Kapitel sieben untersucht die Bilder der Überwachung in der Populärkultur, d.h. in Werbung, Architektur, Comic, Fernsehen, Kino und Pressefotografie. Ausgangspunkt der Überlegungen ist hierbei die Feststellung, dass die Videoüberwachung ein Mythos im Sinne von Barthes ist: „Ist das, was Überwachungsbilder sichtbar machen, nicht die unverstellte Wirklichkeit, ausgestattet mit allen Merkmalen der Nicht-Inszenierung? Doch gerade dieses ‘Gesättigtsein’ mit Wirklichkeit macht sich der Mythos zunutze – er kappt den Bildbezug und lenkt ihn um […] Um Barthes zu paraphrasieren: Wir sehen nicht ‘Es-ist-so-gewesen’ sondern ‘Es-wird-überwacht’“ (Ebd., 254f). Kammerer fährt fort: Videoüberwachung ist mit Präsenz, mit glamourösem Chic, mit Unausweichlichkeit, mit Allgegenwart und Effektivität konnotiert. Aber alles dies ist ein Phantasma, das einer realen Grundlage entbehrt. Dabei widerlegt Kammerer auch die kulturpessimistischen Thesen einer Gleichsetzung von Überwachung und Unterhaltung. Stattdessen versucht er, die den Überwachungsbildern eigene Ästhetik zu beschreiben – jenseits ihrer kritischen Überschätzung als emblematisches Zeichen im Sinne des Orwell’schen Big Brother.

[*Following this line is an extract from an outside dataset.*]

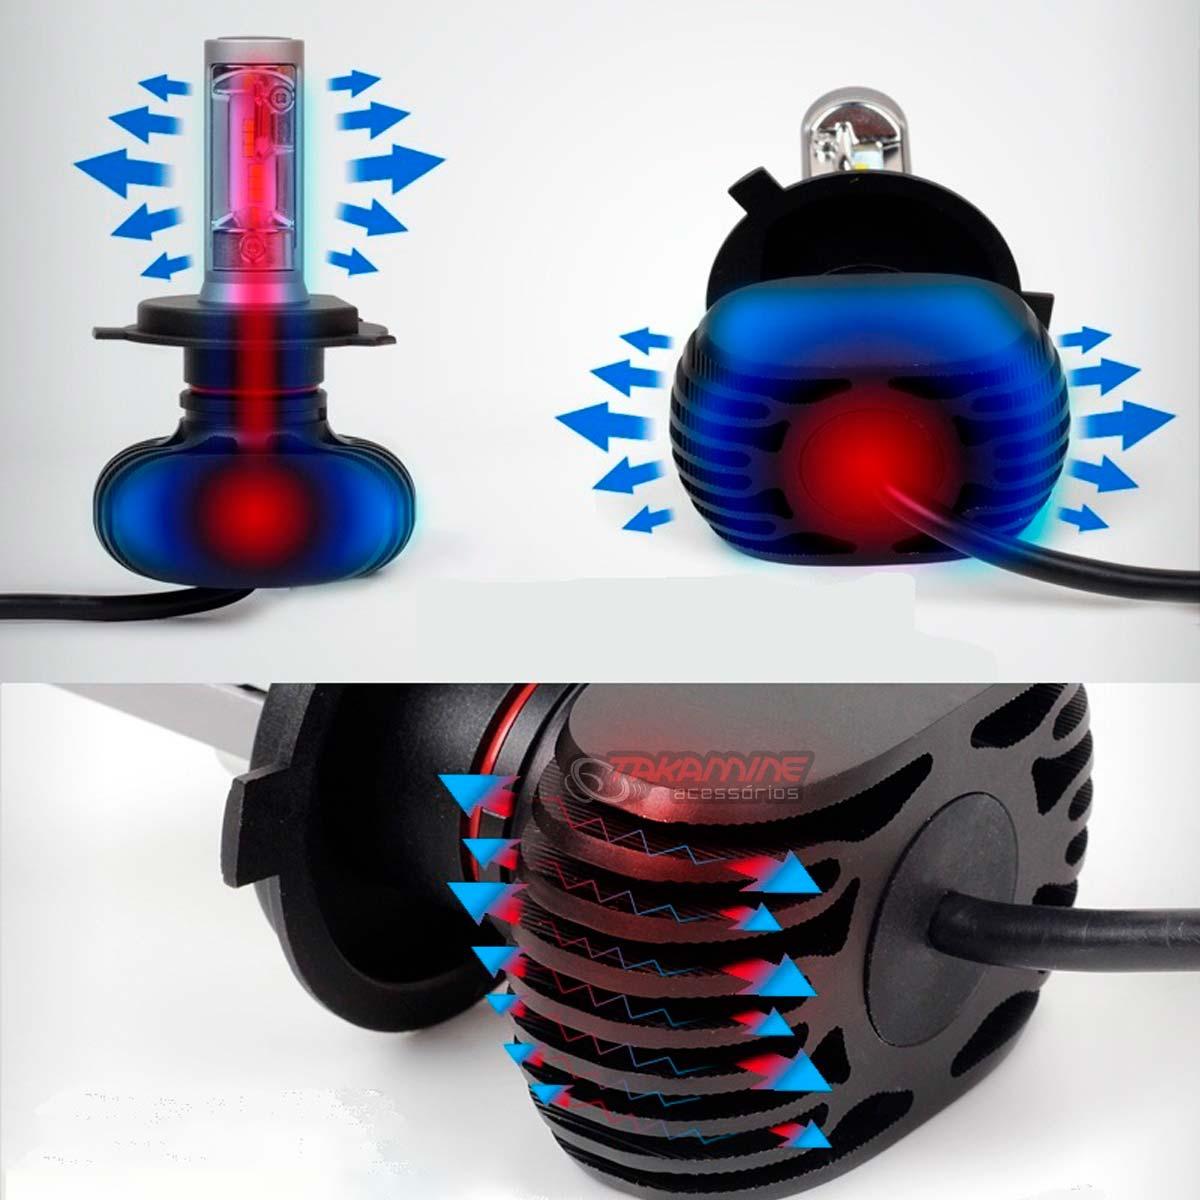 Kit Ultra LED Duster 2011 até 2019 tipo xenon farol baixo H7 50W

Im letzten Kapitel bietet der Autor einen Ausweg aus dem allgegenwärtigen Überwachungsszenario. Mithilfe ästhetischer Strategien lässt sich auch im Alltag auf Überwachungsbilder antworten im Sinne einer Gegenüberwachung. Die Beispiele dafür stammen eher von Aktivisten und weniger aus der Kunst. Mit dieser Perspektive entgeht der Autor einer vielfach anzutreffenden kunstimmanenten Reflexion von Videoüberwachung und hält jener Kunstwissenschaft und Ausstellungspragmatik (implizit) den Spiegel vor, die sich einerseits am Hype um die Videoüberwachung nährt, aber gleichzeitig ihre Überwachungs-Installationen im Museum noch einmal von den hauseigenen Kameras der Museen (unreflektiert und unkommentiert) überwachen lässt.